While the percentage is higher is it really an incentive to get an experimental vaccine to guard against a hospitalization rate of .00000285%?
The hospitalization rate isn't the hospitalized divided by the population, it's the hospitalized divided by the number infected with covid.
They only publish , not who was vaccinated. 678 tested positive from the 17th to the 23rd. We don't know the vaxxed rate of the 678. If we use the reported percentage, the vaxxed rate of hospitalization is 6/508 =.011% and unvaxxed is 1/81 = .012%. Only a .001% difference.
You can't work backwards like that. When you assume the reported percentages of hospitalized apply to the infection rate, what you're really doing is just assuming the hospitalization rates are equal. In other words, you're making an assumption about the dependent variable, which ruins your analysis.
What I was demonstrating was that the original arrticle making the claim that unvaxxed are more likely to end up in hospital based on a sample rate of 8 people hospitalized in New Zealand which has a population of 5 million and an infected population of 678 is complete bullshit.

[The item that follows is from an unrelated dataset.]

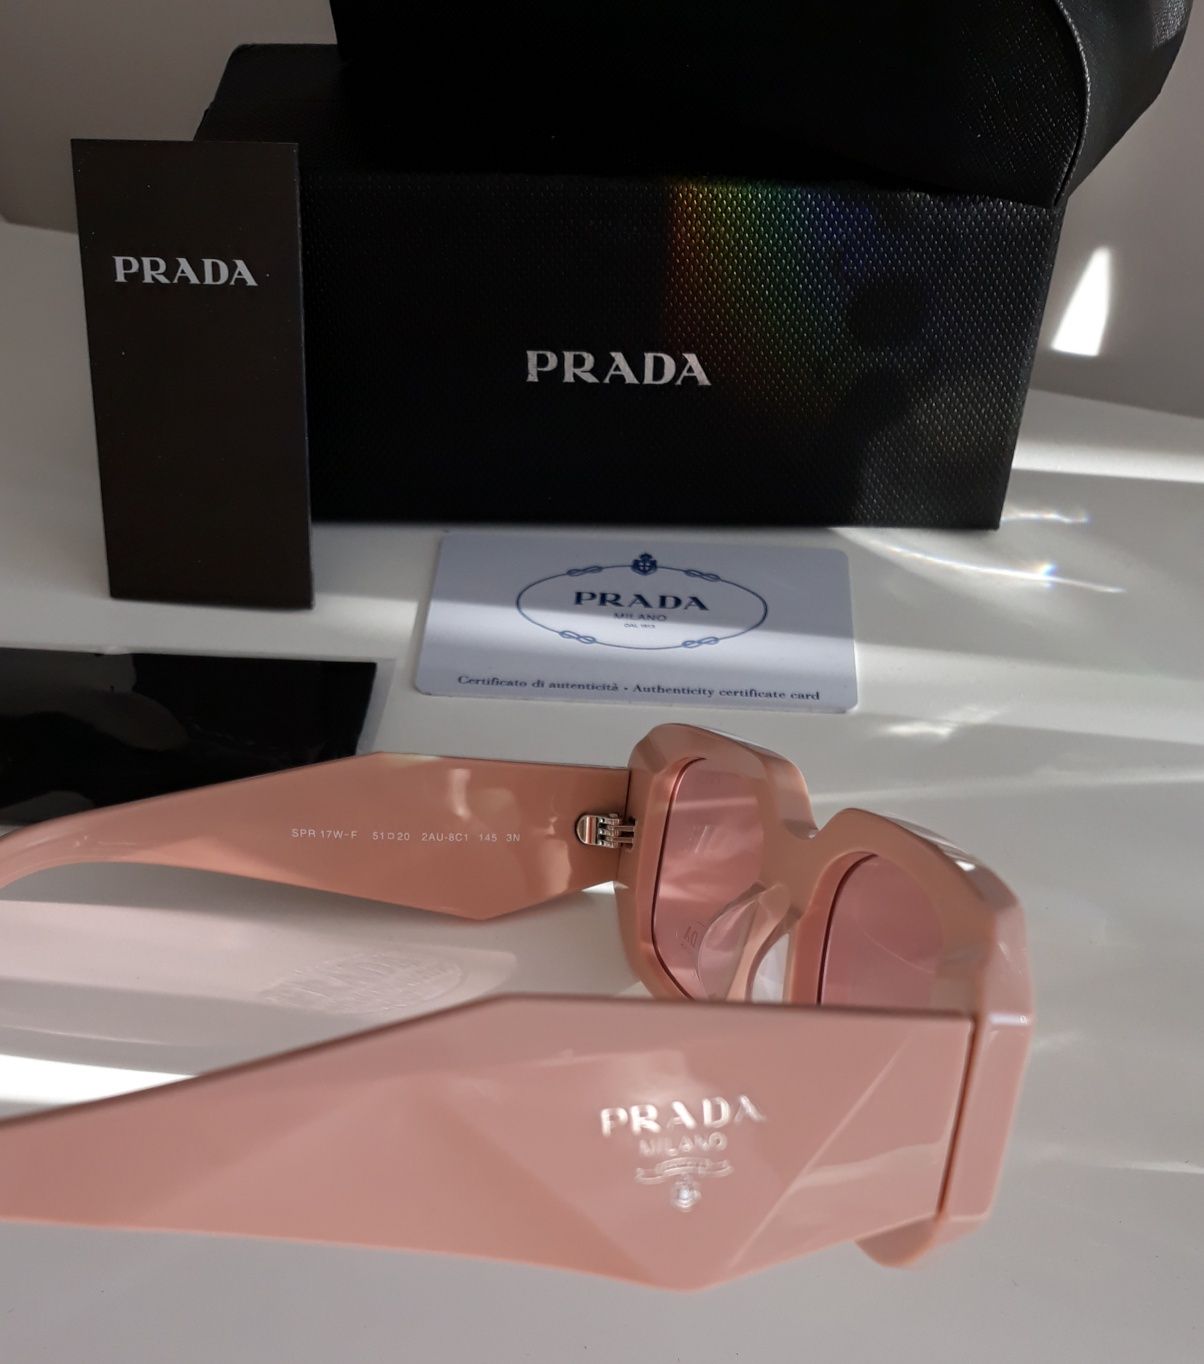 Okulary przeciwsłoneczne Prada różowe jakość Premium nowe

The professor even admitted that the sample rate was too small for a reasonable analysis and he applied the same assumption, but they ran with the article anyway. The vaccine is not benign. It is injuring people. We have no informed consent because the agencies task with public health refuse to provide statistics on the risk of taking the vaccine versus the risk of dying. Looking at the VAERS data, it appears that it is far riskier for a healthy person to take the vaccine.